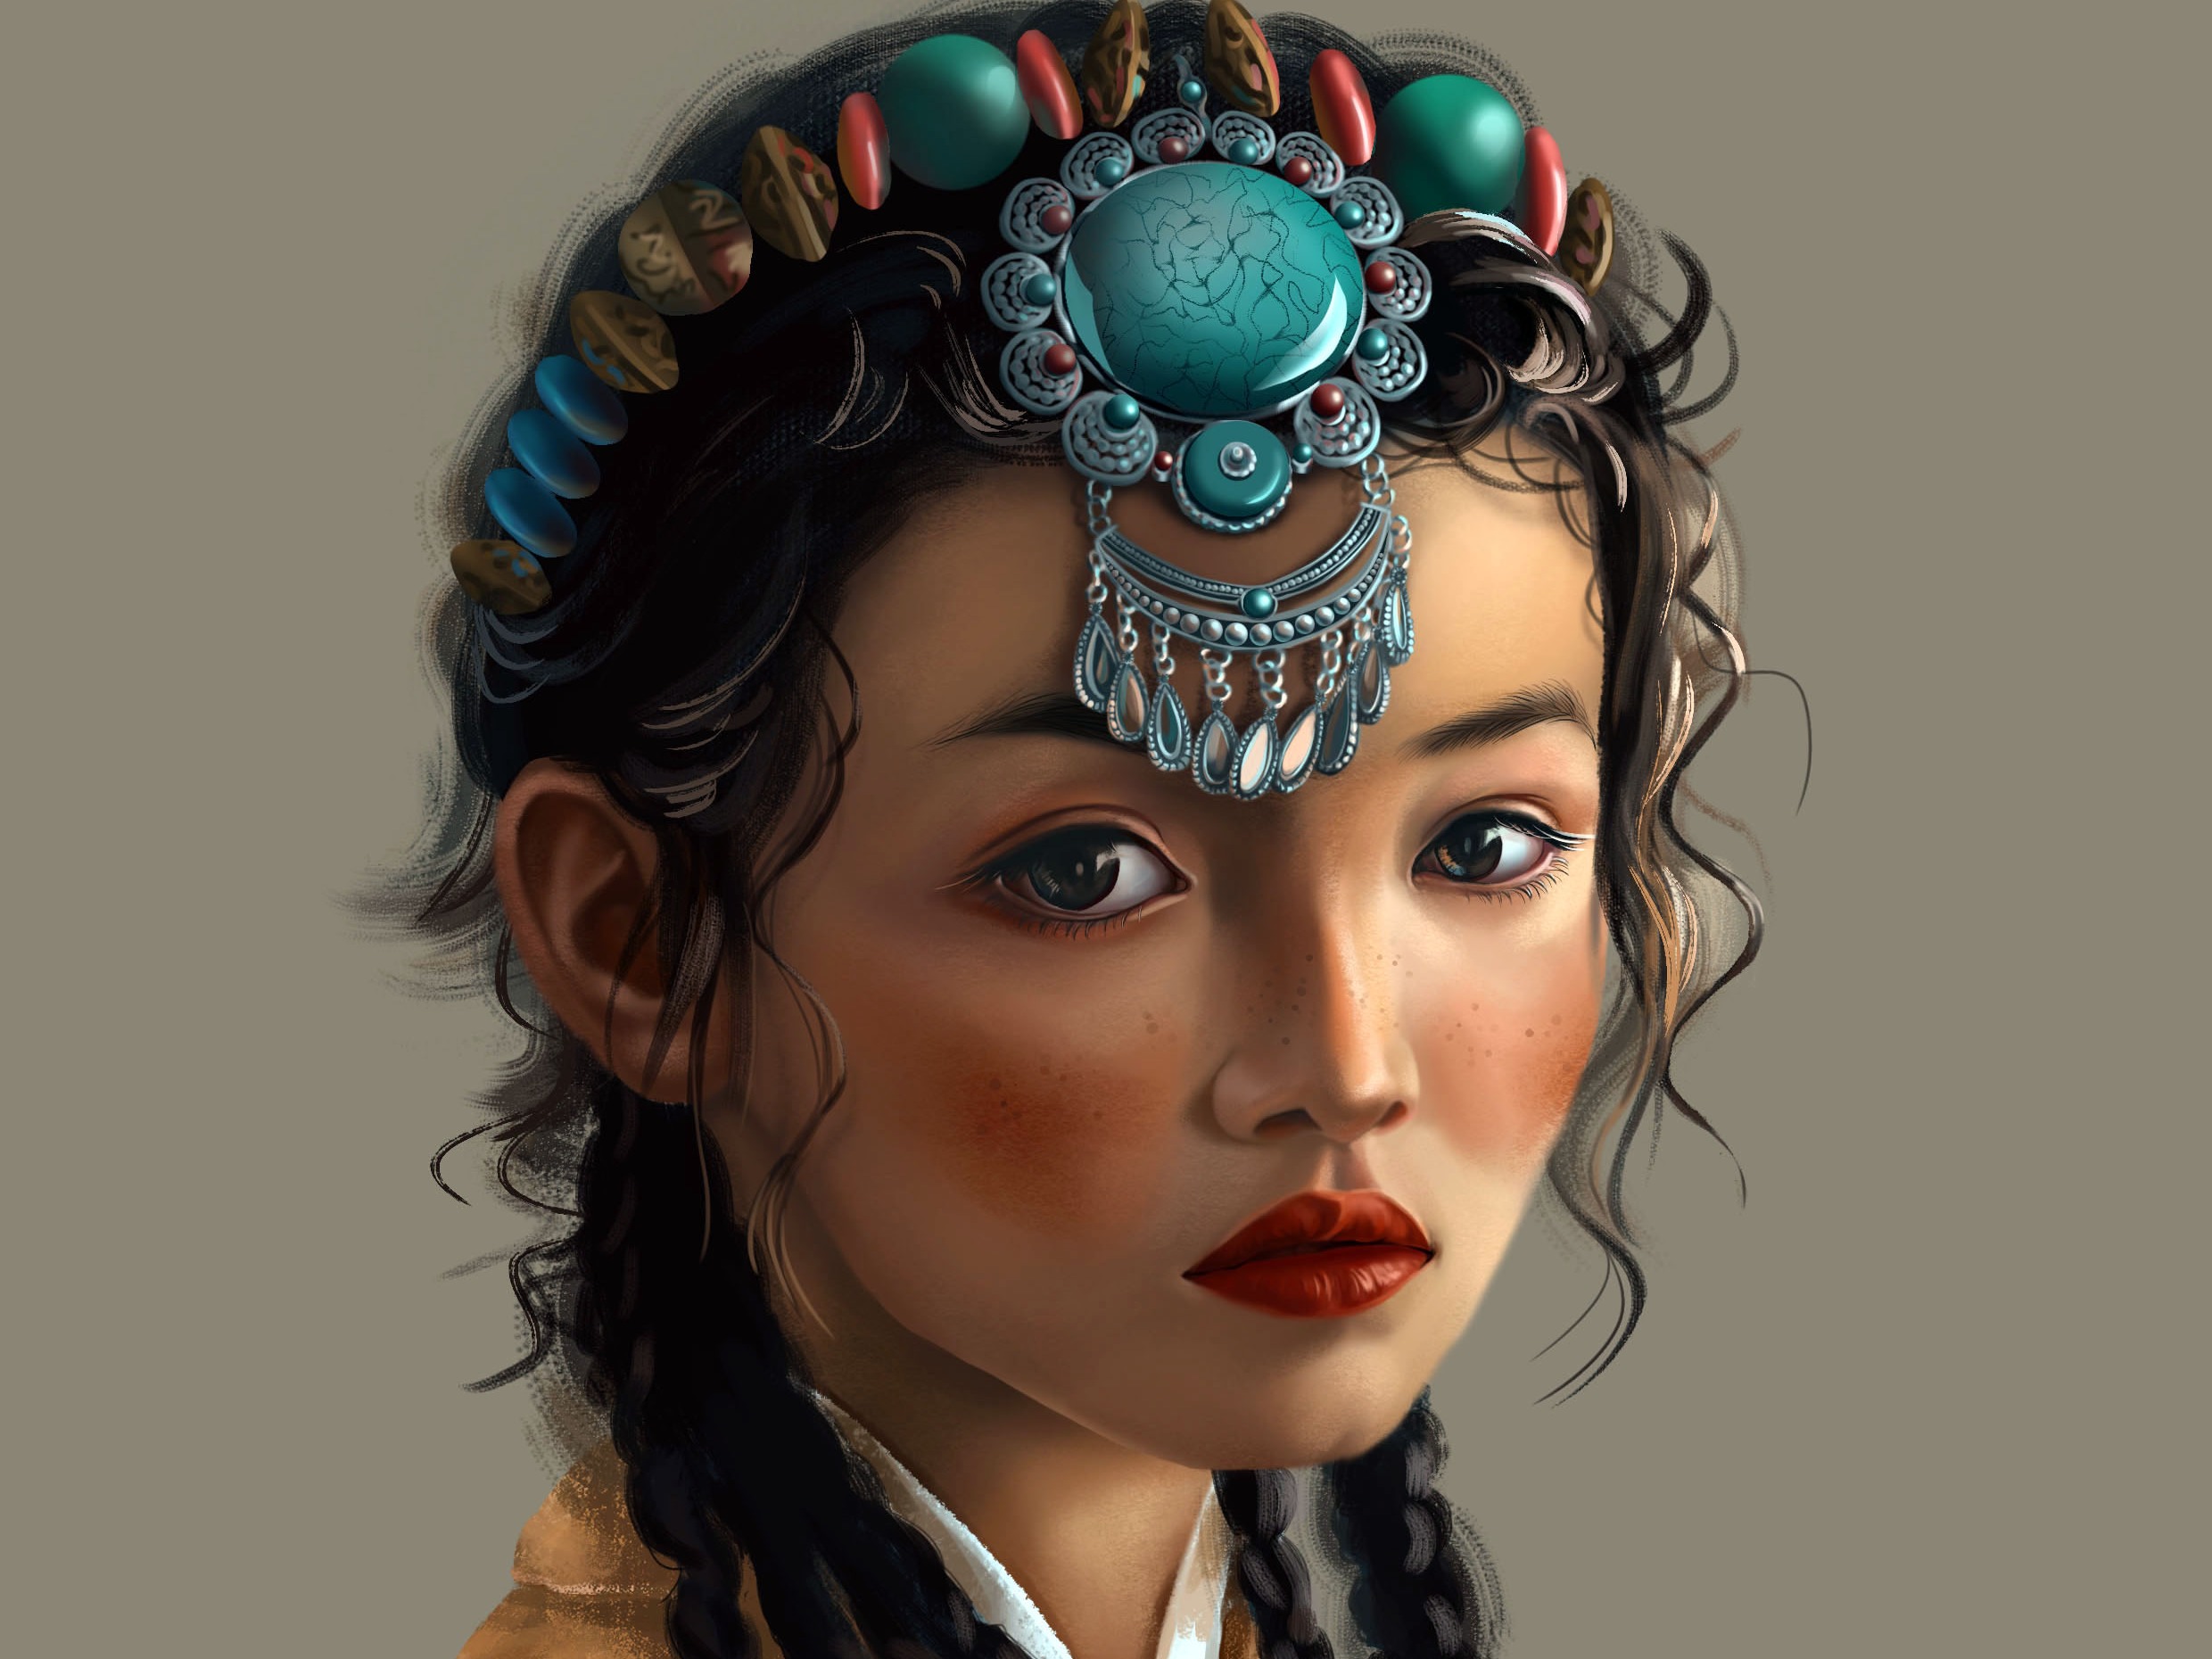 一个女孩, 长辫子, 藏族姑娘, 特写, 微微抬起头 - SeaArt AI
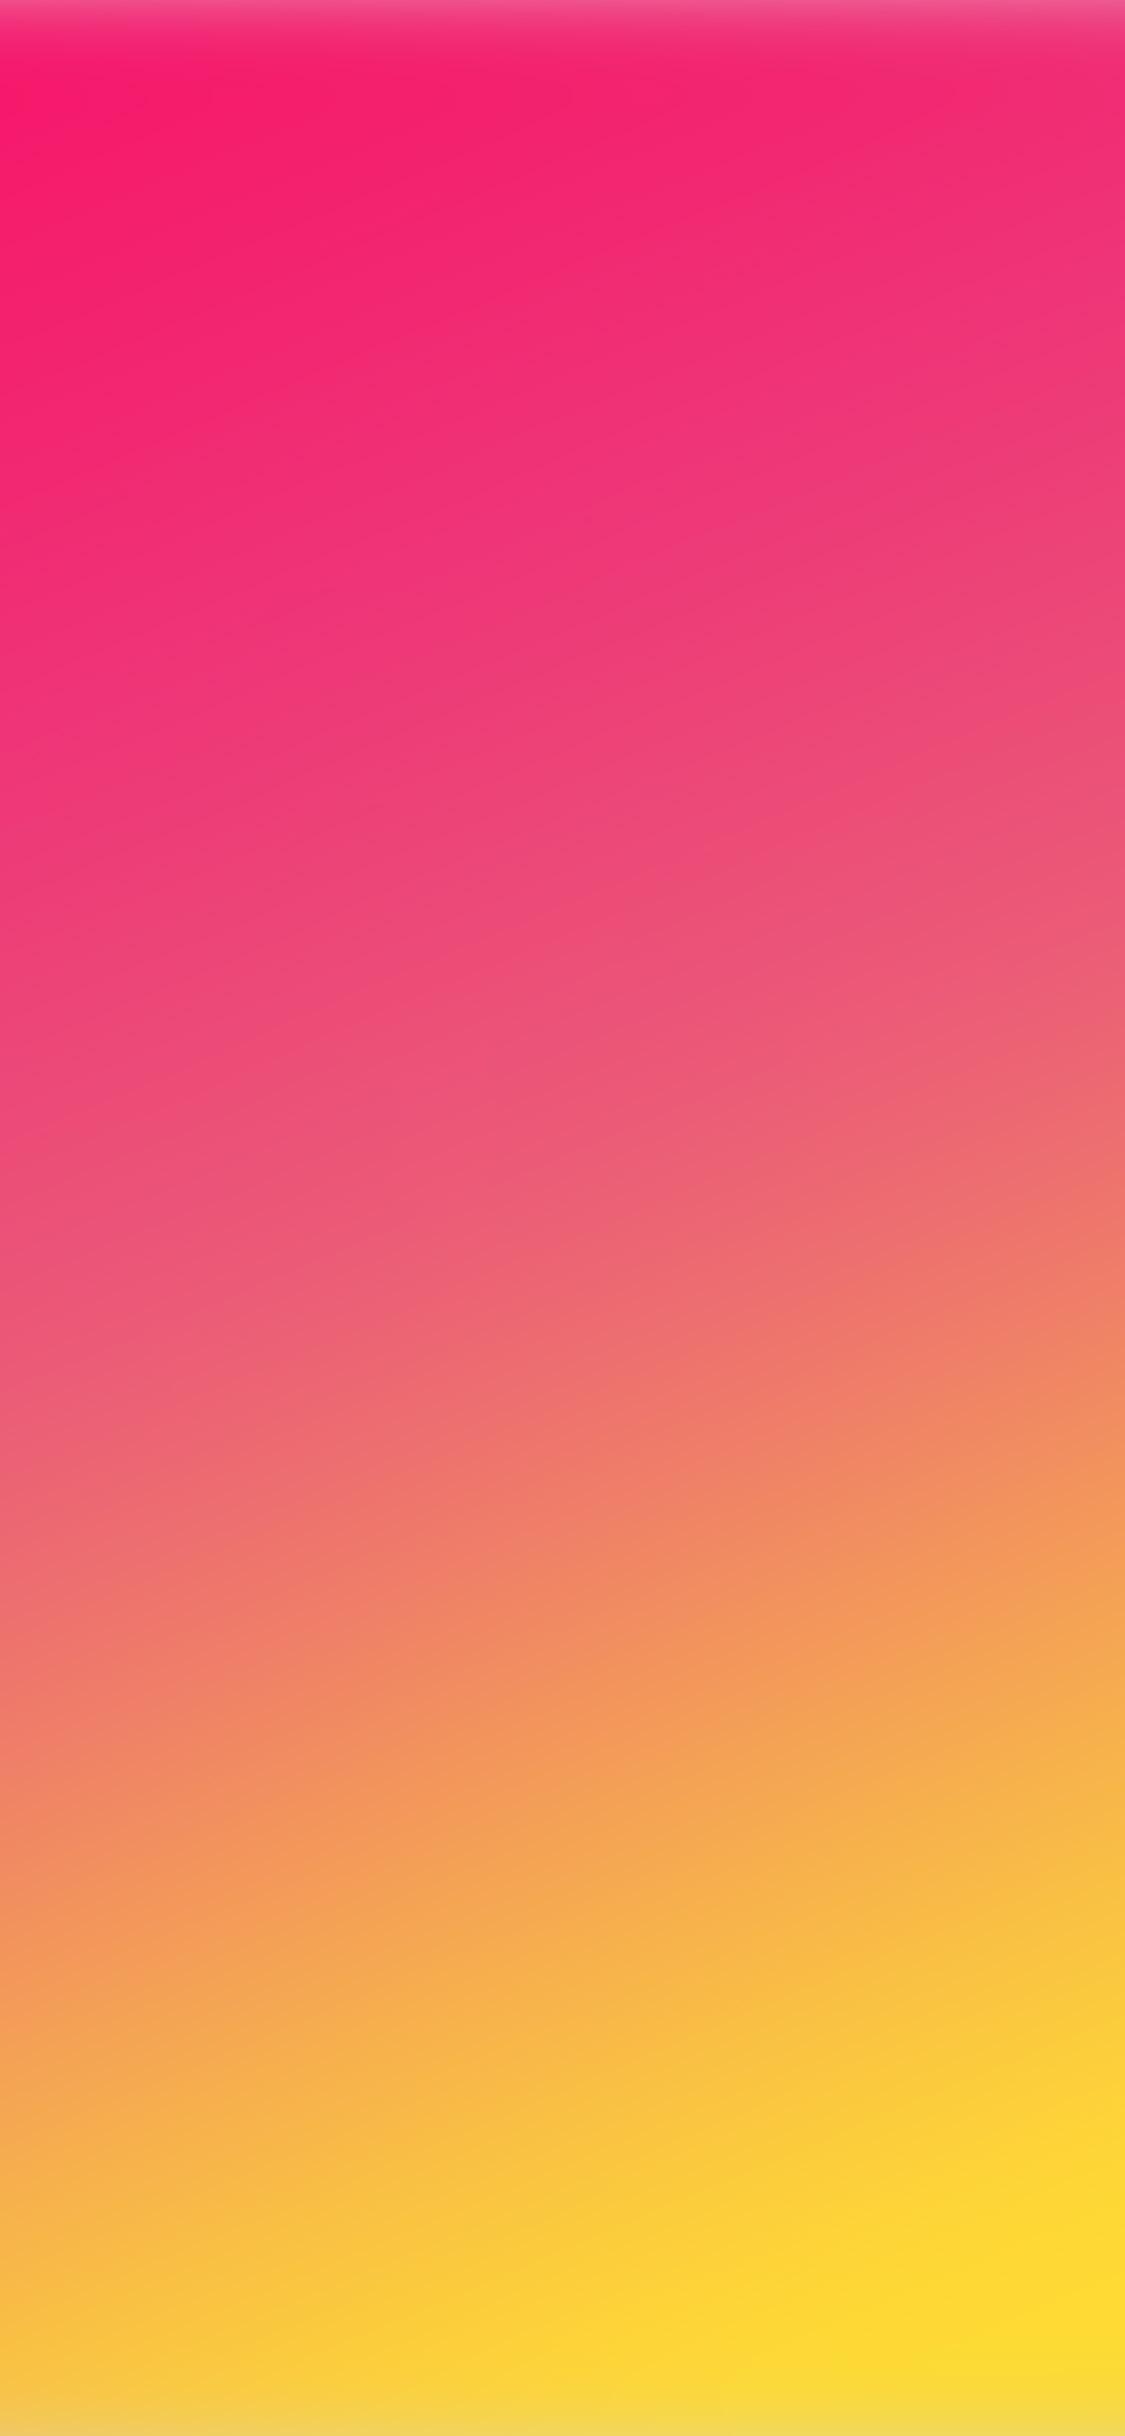 Red Yellow Orange Pink Background: Được tạo nên bằng những sắc màu ấn tượng như đỏ, vàng, cam và hồng, những hình ảnh thành phần sử dụng màu sắc này sẽ mang lại cảm giác ấm áp, nổi bật và sôi động.
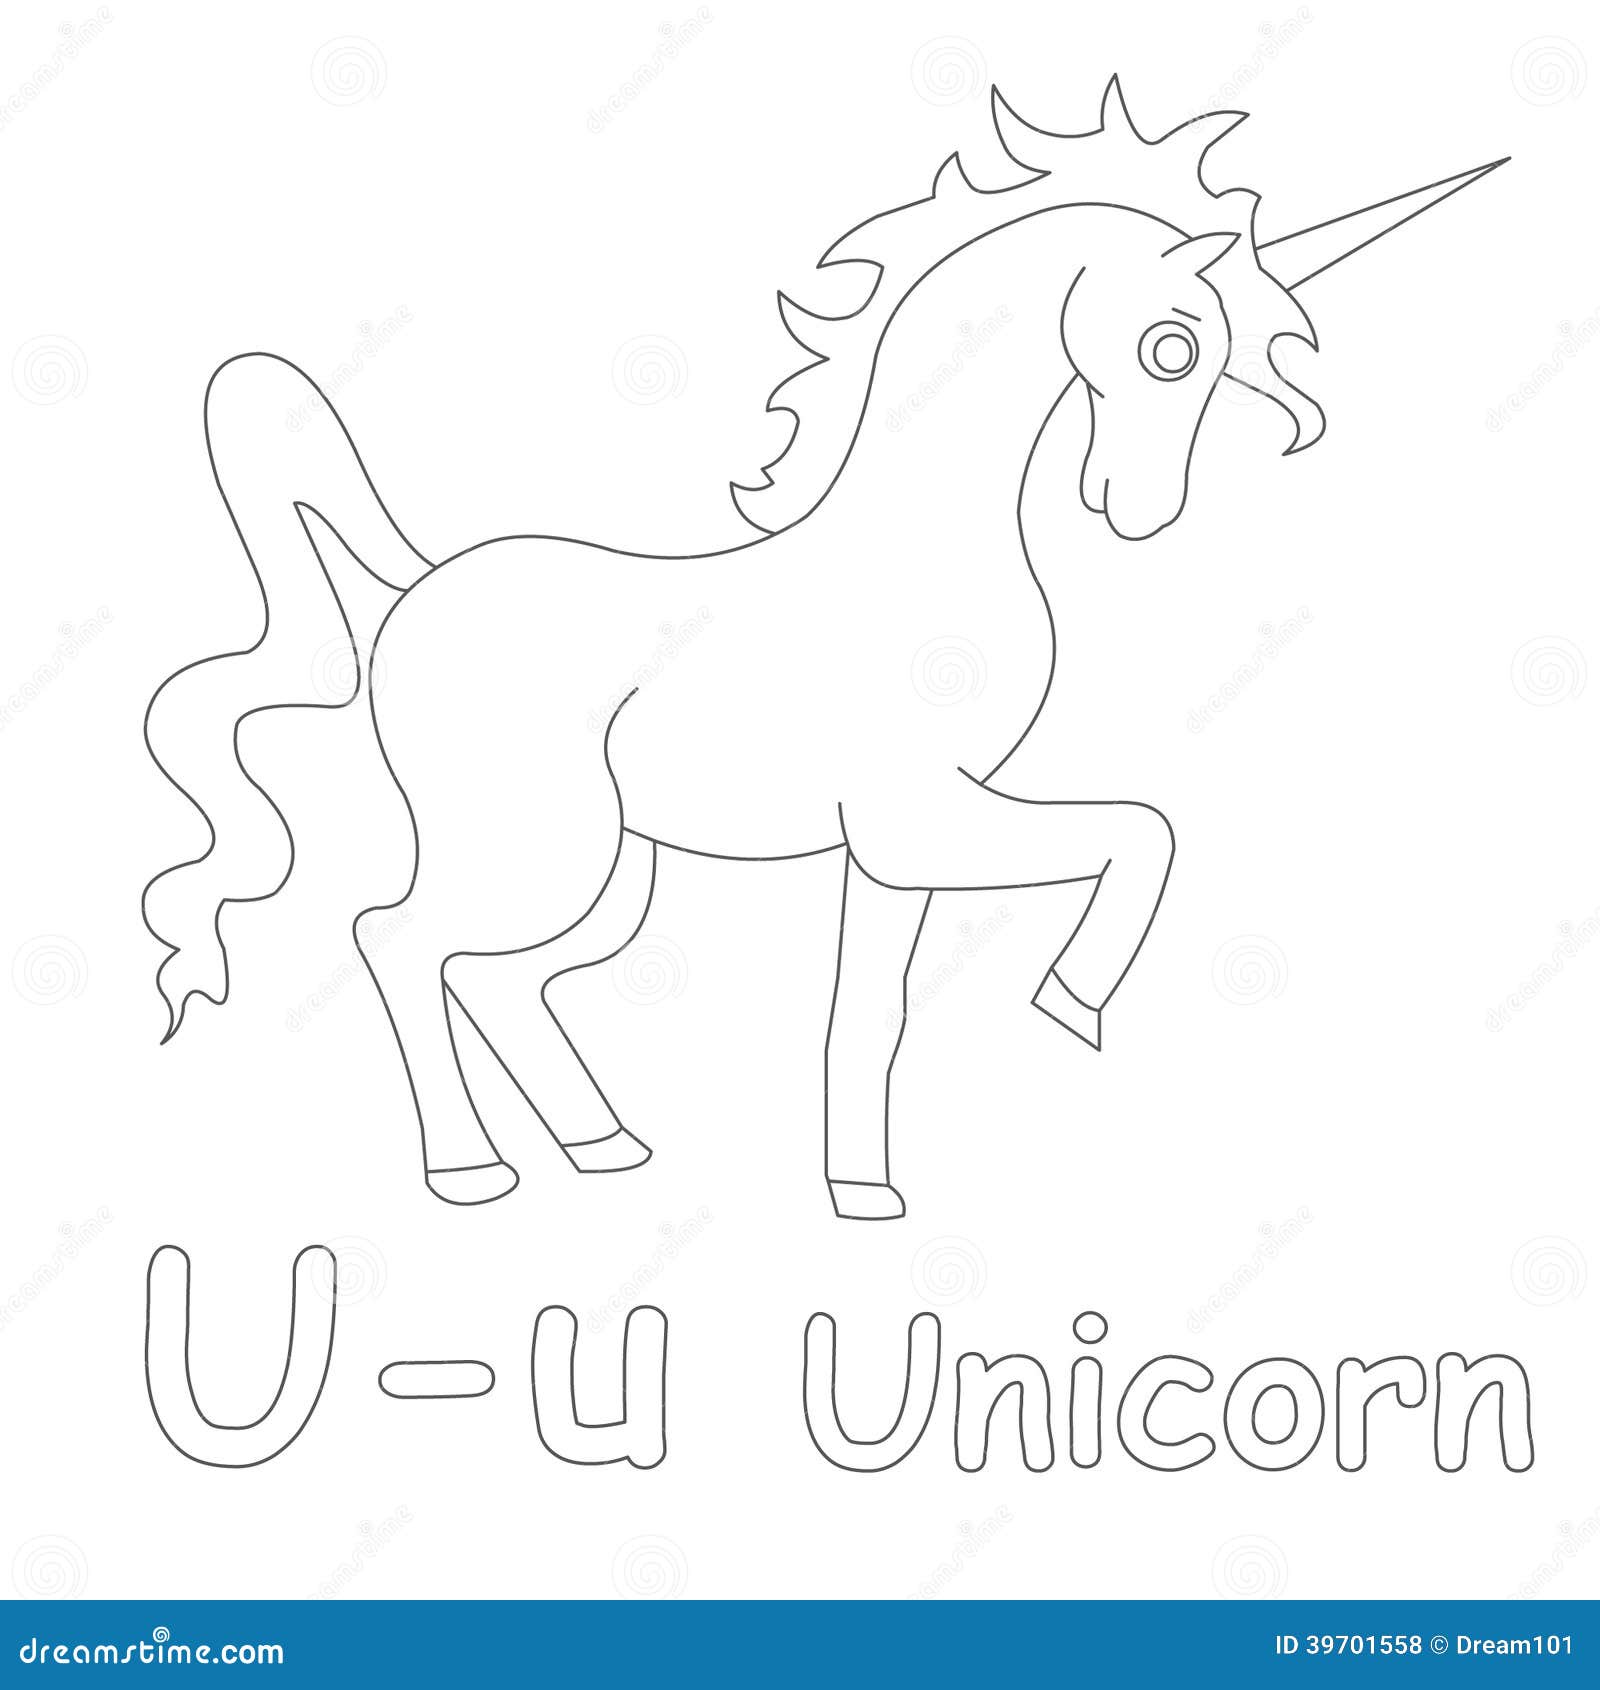 U Für Unicorn Coloring Page Stock Abbildung   Illustration von ...

▶ [PROBLEM TO SOLVE]: Repeat the data above in full and exactly. Omit every image.

▶ [RESULT OF THIS TASK]:
 一个女孩, 长辫子, 藏族姑娘, 特写, 微微抬起头 - SeaArt AI
 Red Yellow Orange Pink Background: Được tạo nên bằng những sắc màu ấn tượng như đỏ, vàng, cam và hồng, những hình ảnh thành phần sử dụng màu sắc này sẽ mang lại cảm giác ấm áp, nổi bật và sôi động.
 U Für Unicorn Coloring Page Stock Abbildung   Illustration von ...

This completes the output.